Шрифт:
Интервал:
Закладка:
Еще одним профессором немецкого происхождения, начавшим преподавание в 1790 г., был В. М. Рихтер. Правда, формально его нельзя отнести к иностранцам, поскольку Рихтер родился в Москве в семье лютеранского пастора и учился на медицинском факультете Московского университета. 4 года он провел в Германии, где получил звание доктора медицины. В Москве он занял кафедру повивального искусства и впоследствии активно участвовал в деятельности университетских ученых обществ и повивального института. Его главной работой стала «История медицины в России», первая часть которой появилась перед Отечественной войной.

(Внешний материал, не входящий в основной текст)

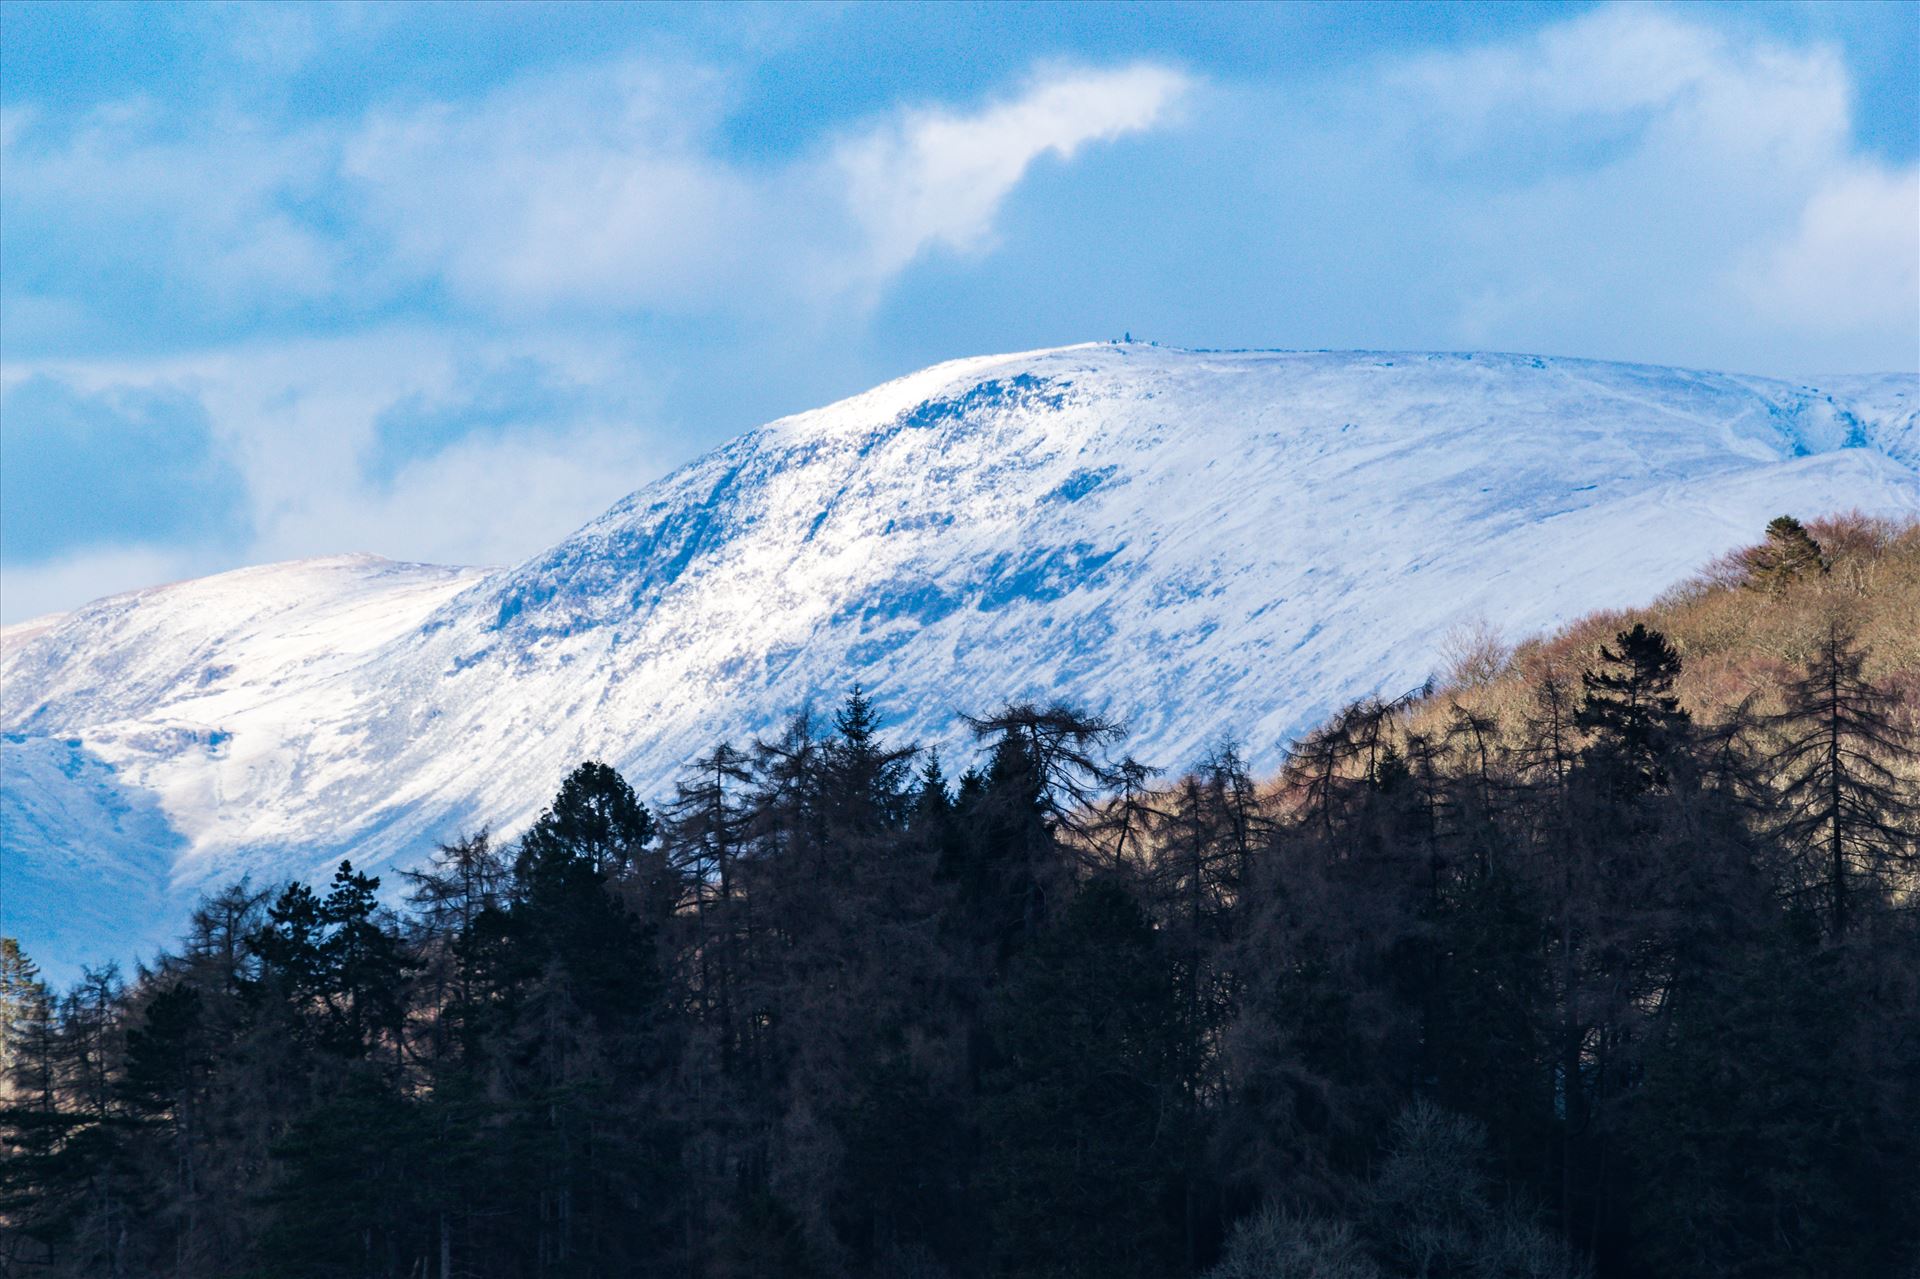 Lake Windermere Snowy Mountains - Taken from the south of the lake looking north, by AJ Stoves Photography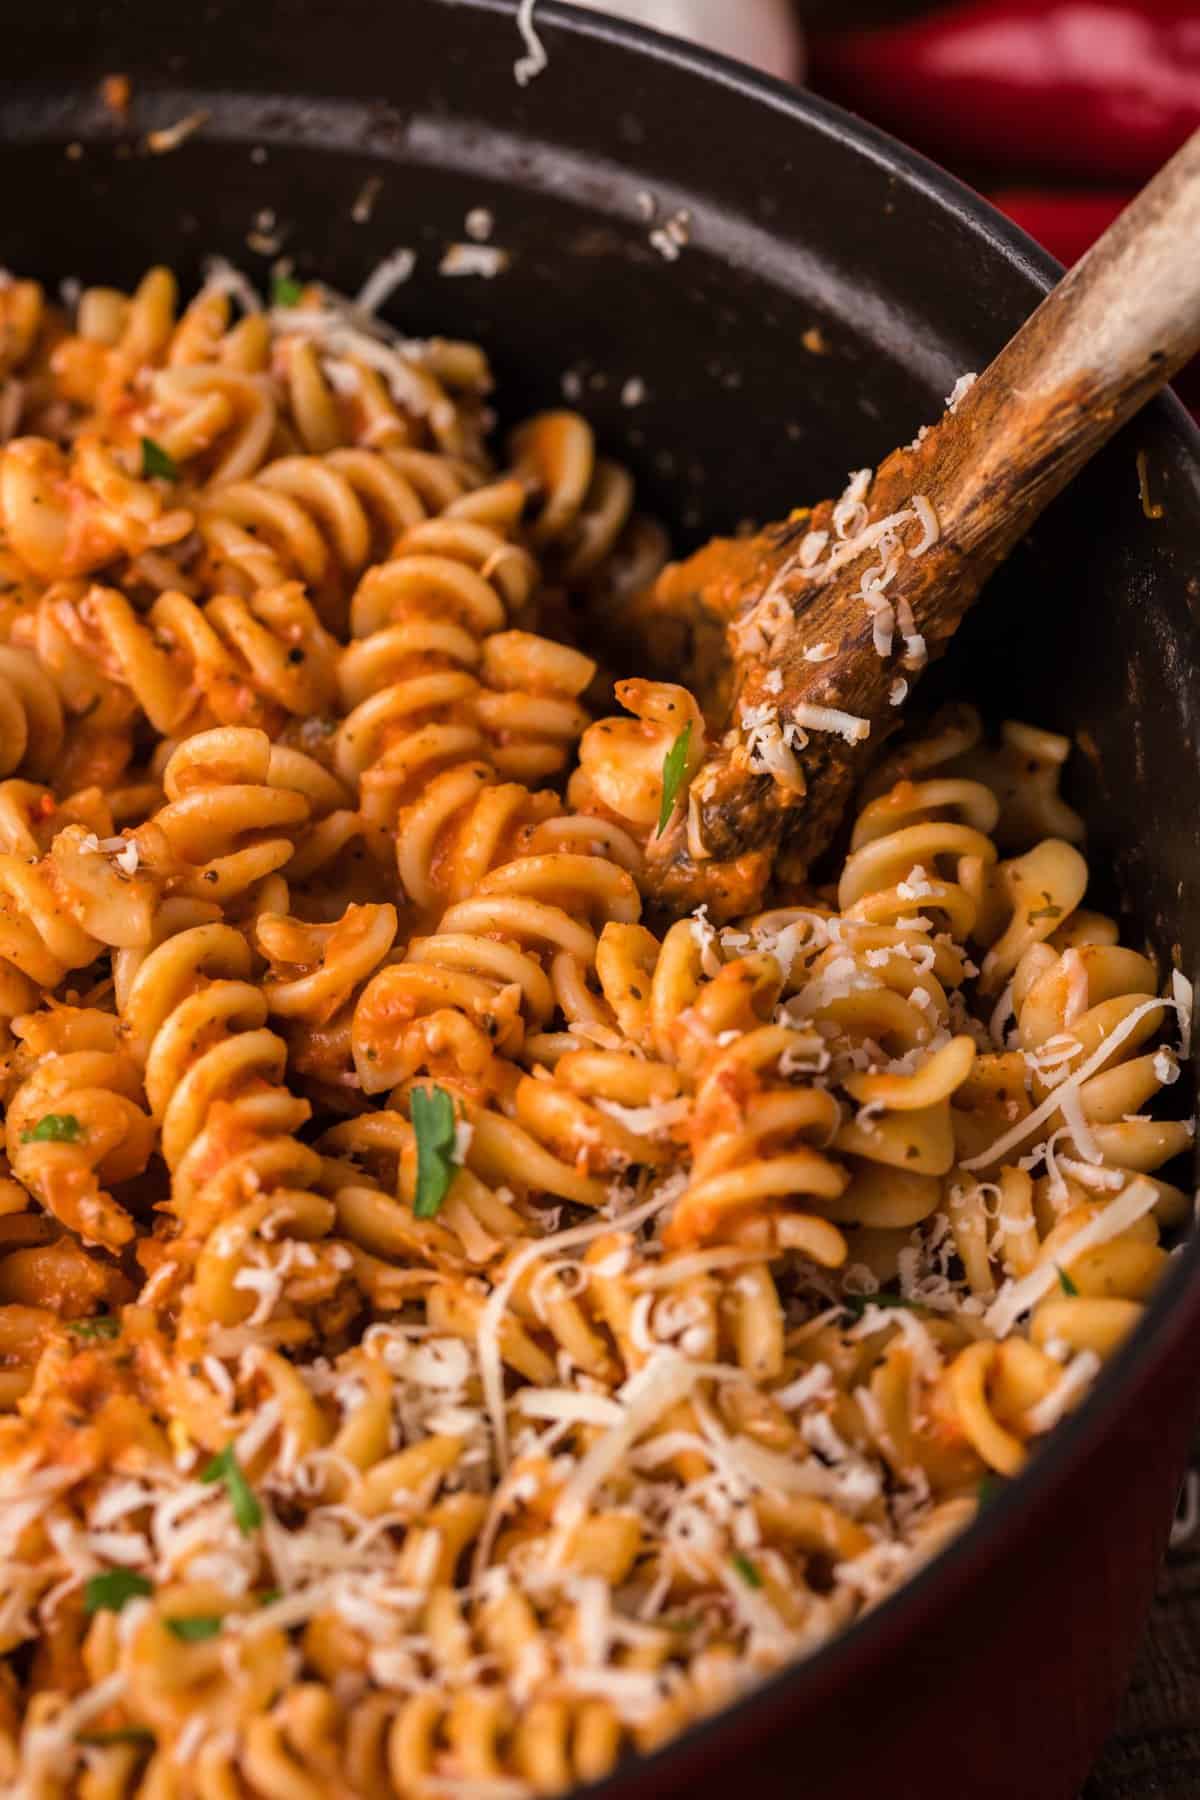 Side shot of the pot of spicy fusilli pasta with wooden spoon.

В 1801 г. после долгого перерыва И. П. Тургенев пригласил в Москву нового иностранного ученого, X. А. Шлецера — сына знаменитого историка. В это время Тургенев налаживал связи с Геттингеном, где преподавал Шлецер-отец, и приглашение его сына воспринималось как проявление уважения к этому имени. X. А. Шлецер начал чтение лекций по всемирной истории и политике.
Таким образом, к 1803 г. еще нельзя говорить о существовании какой бы то ни было группировки иностранных профессоров в Московском университете. Работавшие здесь немцы не играли самостоятельной роли в преподавании и управлении университетом и (за исключением Шлецера) типологически были близки к старшему поколению русских профессоров. За следующие несколько лет ситуация резко изменилась. В 1803–1805 гг. Муравьев пригласил в Москву 11 ученых из Германии. Прибытие новых профессоров обычно происходило следующим образом: ответив на письмо Муравьева положительно, ученые, по представлению попечителя, зачислялись на русскую службу, и им выделялось жалование. Муравьев посылал каждому из ученых определенную сумму денег (до 2 тыс. руб.) на путевые расходы — эти деньги также помогали профессорам завершить все дела, удерживающие их в Германии (например, издание своих печатных трудов и т. д.). Приехавшие в Москву профессора немедленно получали свое жалование, накопившееся со времени поступления на службу, что давало им начальные средства на обустройство в Москве. Этот порядок, заведенный Муравьевым, был выгоден иностранным ученым, но вызывал в дальнейшем нарекания со стороны Министерства народного просвещения и в конечном итоге был отменен, и даже покидающих Россию прежде двух лет службы профессоров обязывали возвращать путевые деньги, что было им весьма затруднительно[106].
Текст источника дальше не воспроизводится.